▶ _Assignment_
Would you copy the lines below exactly and omit the images?

▶ _Input data_
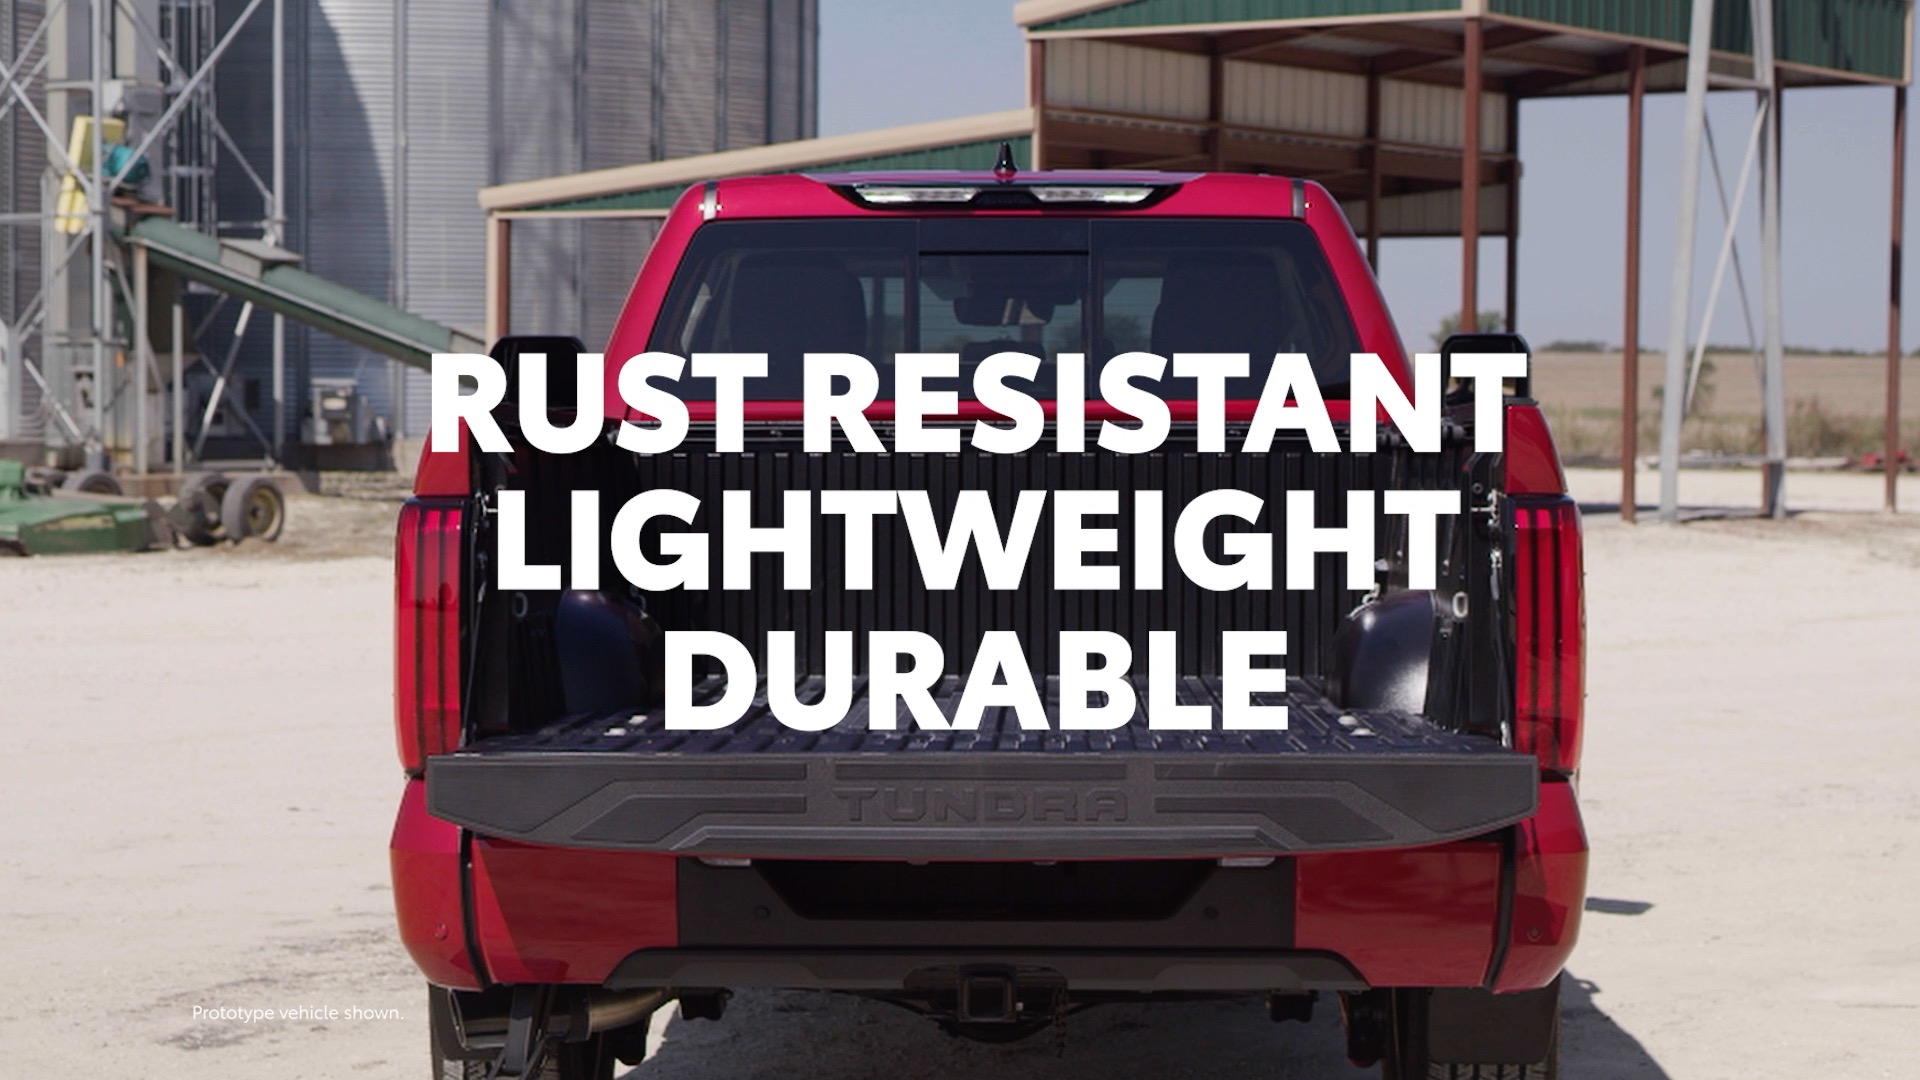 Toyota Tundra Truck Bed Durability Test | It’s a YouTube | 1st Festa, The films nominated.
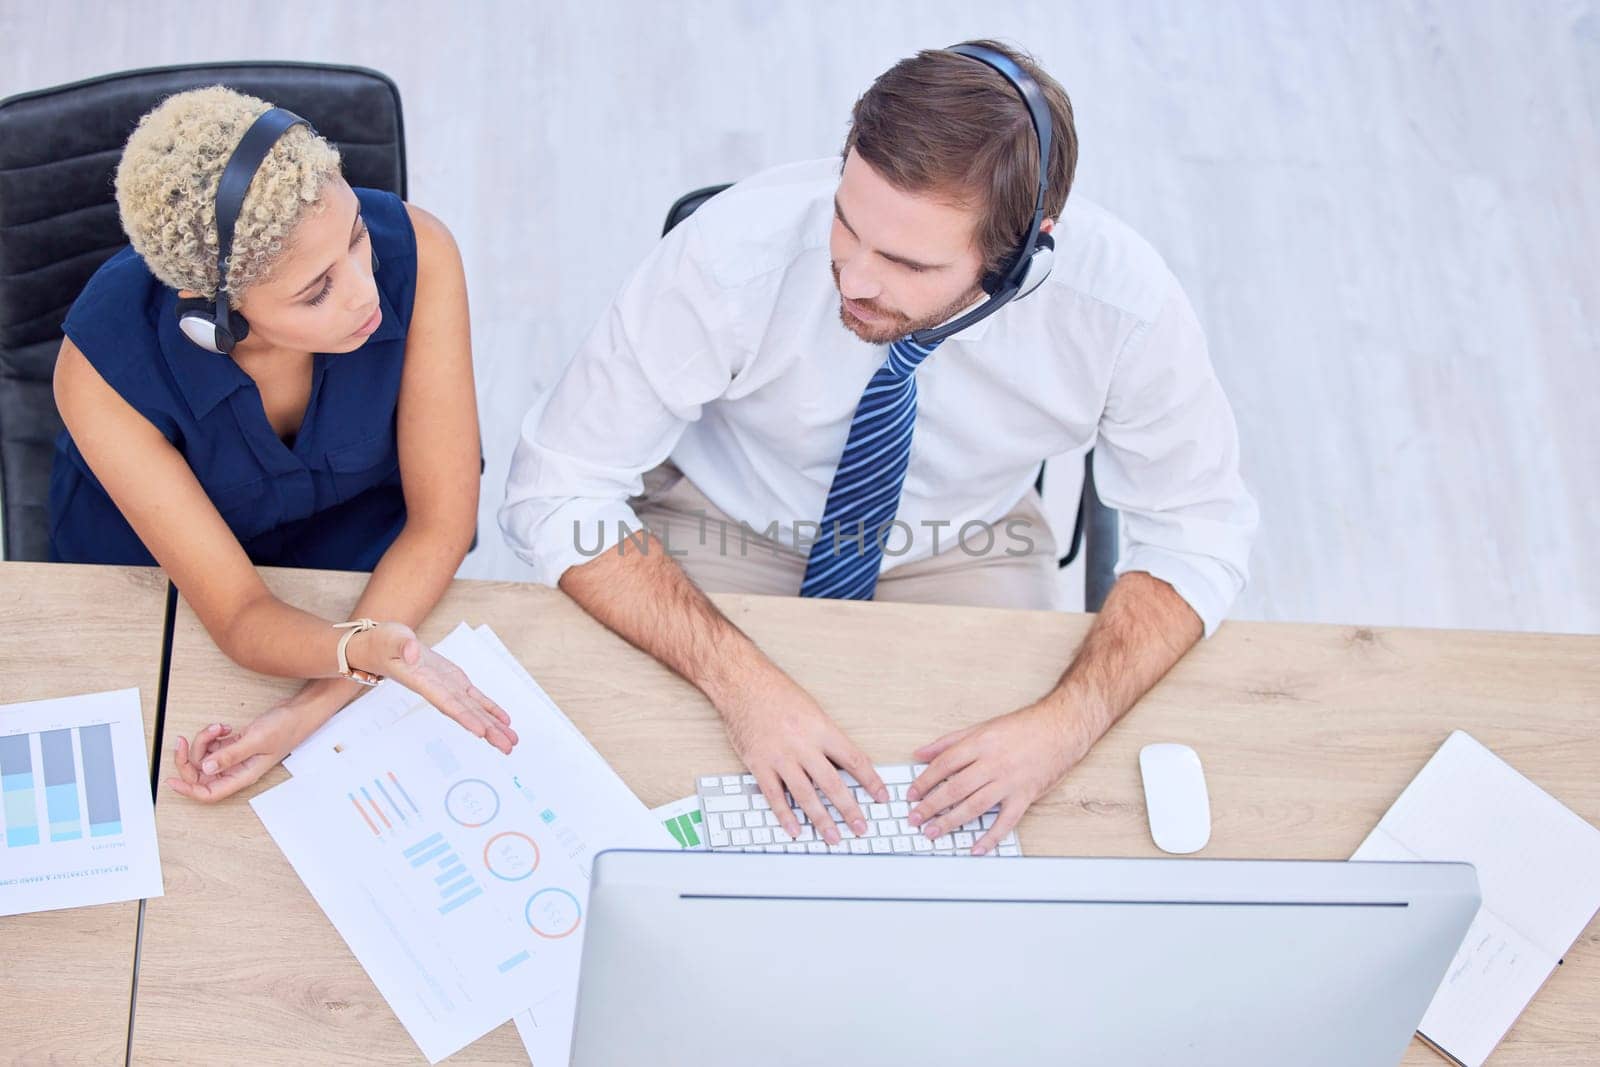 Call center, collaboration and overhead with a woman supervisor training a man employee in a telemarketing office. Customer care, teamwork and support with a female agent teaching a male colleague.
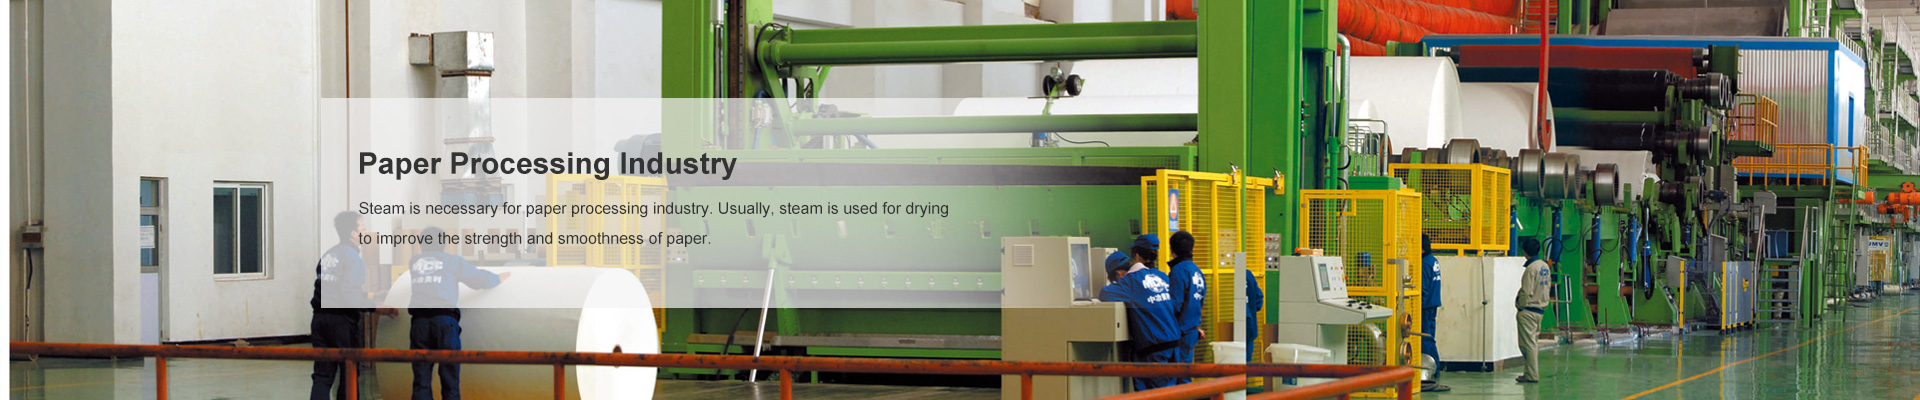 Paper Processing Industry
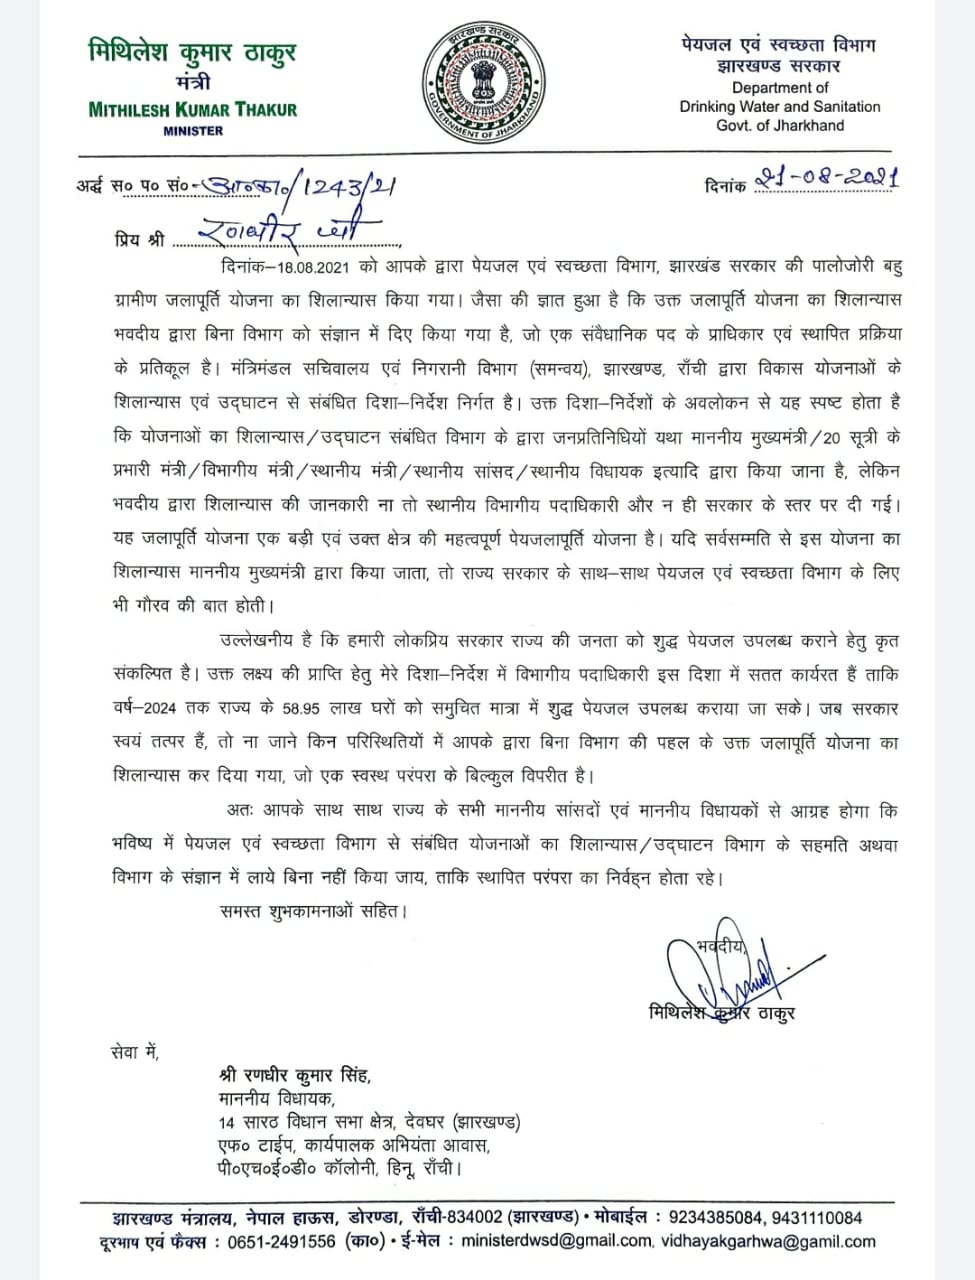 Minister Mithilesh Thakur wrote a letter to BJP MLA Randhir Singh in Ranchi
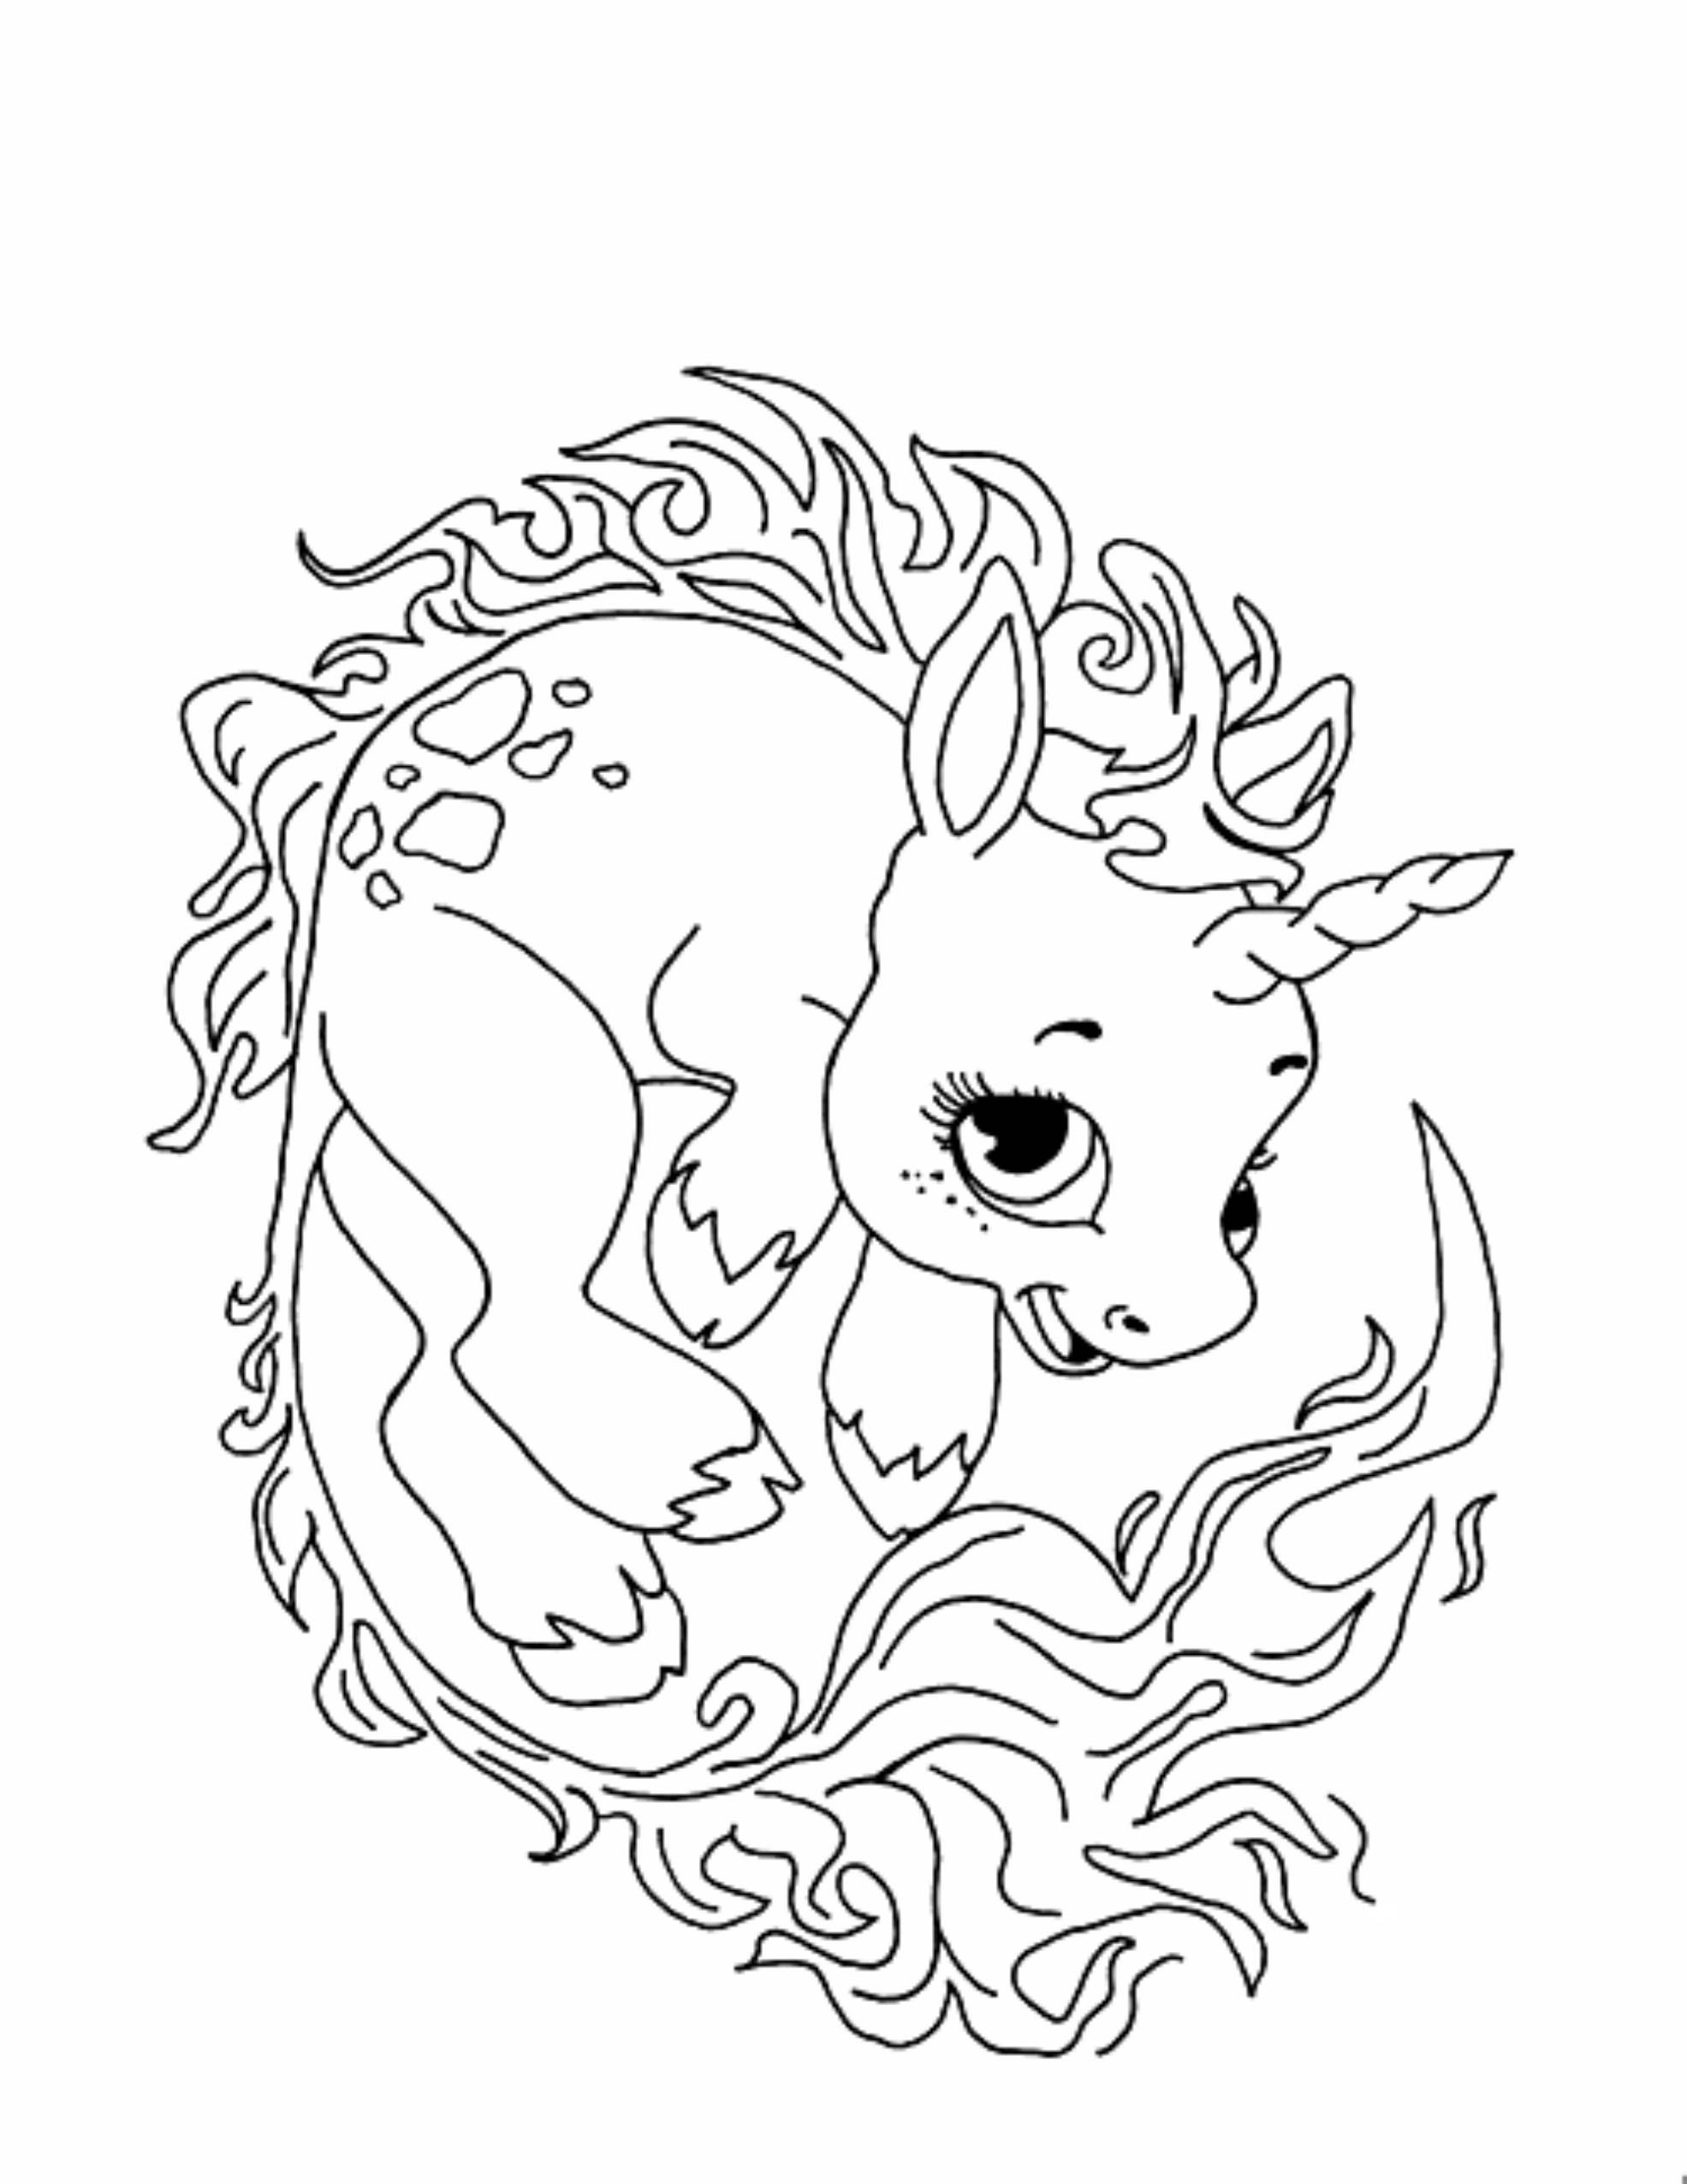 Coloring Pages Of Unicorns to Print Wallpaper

▶ _Response below_
 Toyota Tundra Truck Bed Durability Test | It’s a YouTube | 1st Festa, The films nominated.
 Call center, collaboration and overhead with a woman supervisor training a man employee in a telemarketing office. Customer care, teamwork and support with a female agent teaching a male colleague.
 Paper Processing Industry
 Minister Mithilesh Thakur wrote a letter to BJP MLA Randhir Singh in Ranchi
 Coloring Pages Of Unicorns to Print Wallpaper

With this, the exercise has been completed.